Воитель — страница 69 из 92

— И не жалею.

— Мастер редкостный из тебя получился, это точно. Наследственный. Если б тебя не учили дед с отцом тесать, строгать, ты бы по подсказке генов стал бондарем. Глянь, Аверьян, на его бочки — штучной работы каждая, и на днищах — личное клеймо Богатикова: крест из топора и наструга. Бочки — тугие бубны, напряженные сферы, изящные емкости, золотистые шары… Подними вон ту, ударь об пол — до потолка подпрыгнет. Клепочка к клепочке, дощечка к дощечке, все подогнано, до миллиметра вымерено — ни вода, ни рассол из таких бочек не вытечет. Это не мосинские с конвейера, это не вал для плана — работа на радость себе и другим. Вон они, горы таркомбинатовские, догнивают. А эти, богатиковские бочки, берут, да еще со спором, стараясь перехватить друг у дружки, — и район, и область. Из краевого центра приезжал уполномоченный, уговаривал заключить договор на поставку тары для краевого рыбокомбината. Понятно: в бочках богатиковских икра не портится, в них рыба годами может храниться, их на ВДНХ выставляли. Наделает их Митрий сотни три за год, пригонят баржу и заберут. И самого бы увезли, да не едет. Правильно делает: мастера везде найдут, работу его оценят. Я вот думаю, Аверьян, появится, допустим, где-нибудь в самой глуши африканской гениальный, ну, скажем, резчик по кости — разве к нему не доберутся, разве не оценят его труд? Мастера должны жить по всей Земле, мастера — это светляки в пространстве жизни, без них исчезнет искусство, обесценится человек. И незачем, вовсе незачем им скапливаться в городах, их там живо приучат к потоку, унификации. Правильно я рассуждаю, Аверьян?

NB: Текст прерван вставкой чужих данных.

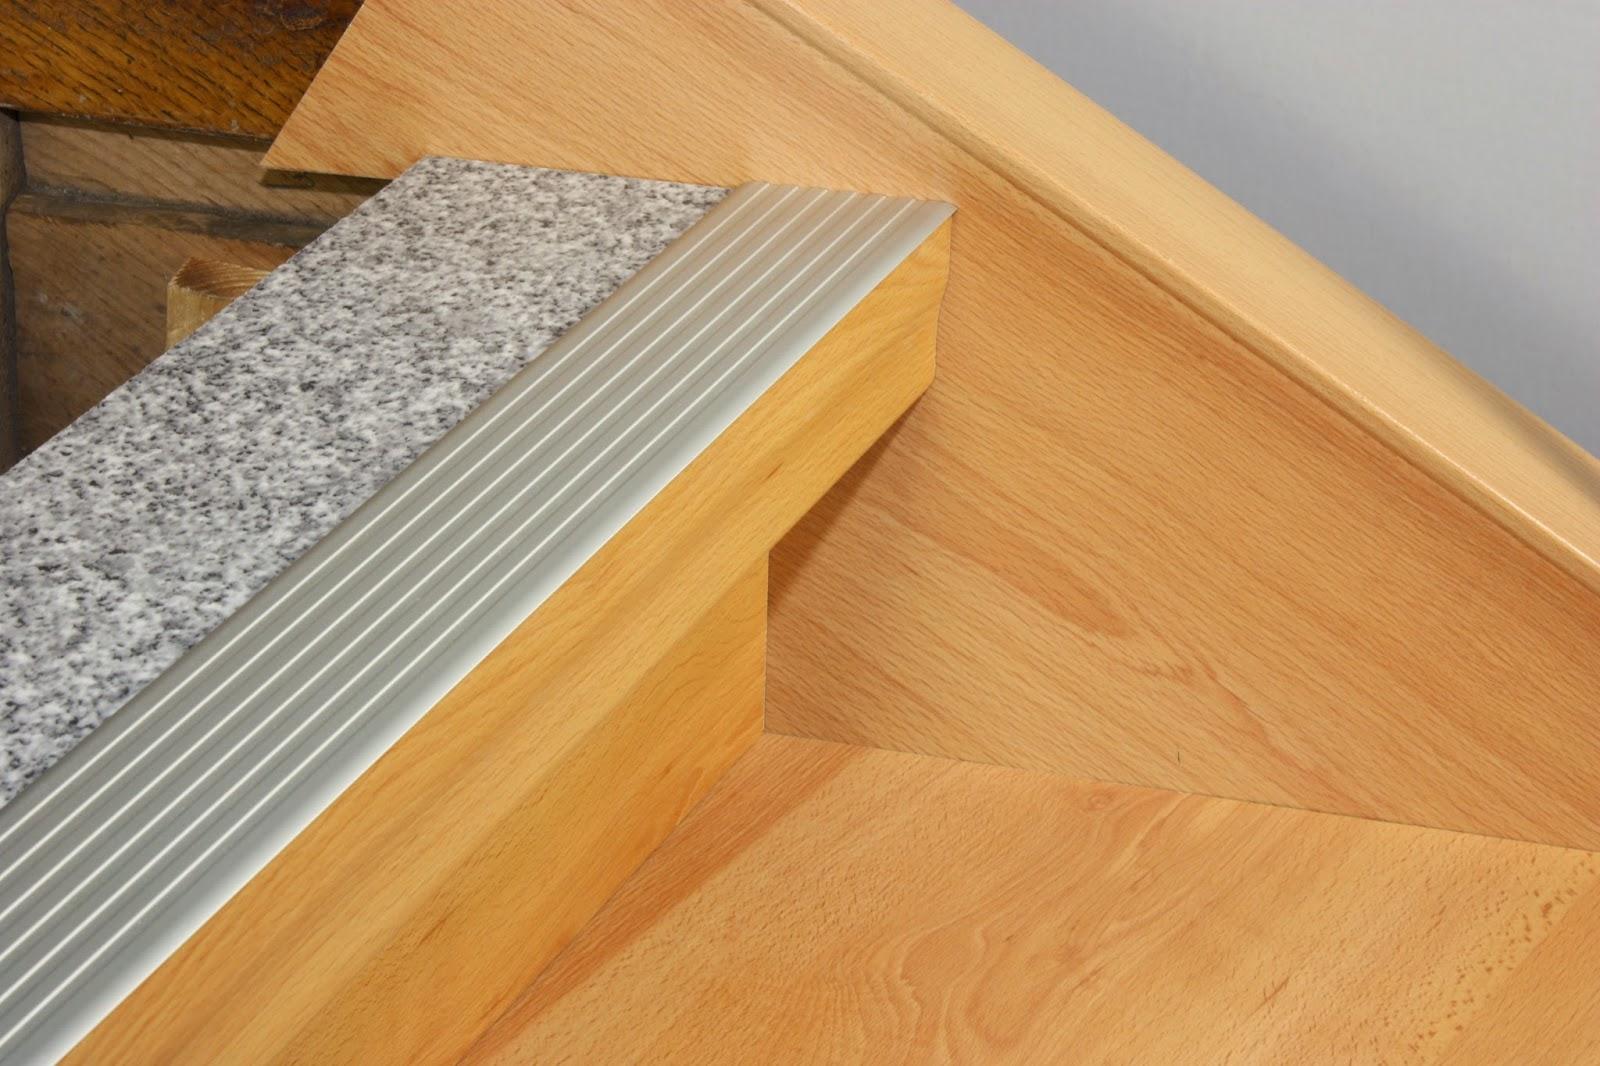 H k treppenrenovierung treppenrenovierung rundkanten for Teppich fa r treppenstufen

— Вполне правильно, Никола, — отвечает поспешно Богатиков, как бы опасаясь, что услышит голос невидимого человека, доливает в чашку Яропольцева, подумав немного, меняет чай в чашке на верстаке. — Да в том беда — хиреет наше мастерство. Сыновья вот мои у меня переняли умение, а дальше — кому это будет нужно? Теперь вон рыбу приноровились в ящиках солить да охлаждать — и сразу на прилавок. Нечего особенно-то хранить. Понятно, в тузлуке, в доброй бочке семужного посола — продукт экстра сорта, на правительственных приемах подавать можно. Разучимся, видно. Если к тому же и лосося все меньше.

— Разводить будем, Митрий! И сыновей ты выучил. Внука хотя бы одного приобщи…

Да, старший внук у него в Афганистане погиб. Гроб сюда привезли. Мы тут сильно это пережили: хороним, а посмотреть нельзя, запретили открывать. Митрий до сих пор не верит, что там был его внук Вася… Все войны печальны, а эта горькая, так я ее чувствую. Как подумаю о ней — стратегов политики и экономики недавнего прошлого вспоминаю, для меня они — все мосины, только власть большую имели. Ладно, будет еще время подумать об этом, и не мне одному. Радуюсь вот, что стройка наша идет и Мосина у нас нет.

— А если вернется?..

— Не шути так нехорошо и не пугай нашего гостя Аверьяна Ивановича Постникова. Скажи вот лучше: если б Мосин учился с нами, у нашего учителя? Каким бы он стал?

— Таким же, думаю. — Богатиков принимает пустую чашку от Яропольцева, вместе со своей ставит в тумбочку, где у него под салфеткой хранится все для чая, косится осторожно и сощуренно на остывшую чашку Аверьяна, но не трогает ее (вроде бы чая в ней поубавилось), поворачивается спиной к верстаку, как бы не желая кому-то там мешать, спрашивает: — А ты полагаешь, Никола, другим стал бы Мосин? Он же начальником родился на свет. Ну вот я — бондарем, другой — музыкантом…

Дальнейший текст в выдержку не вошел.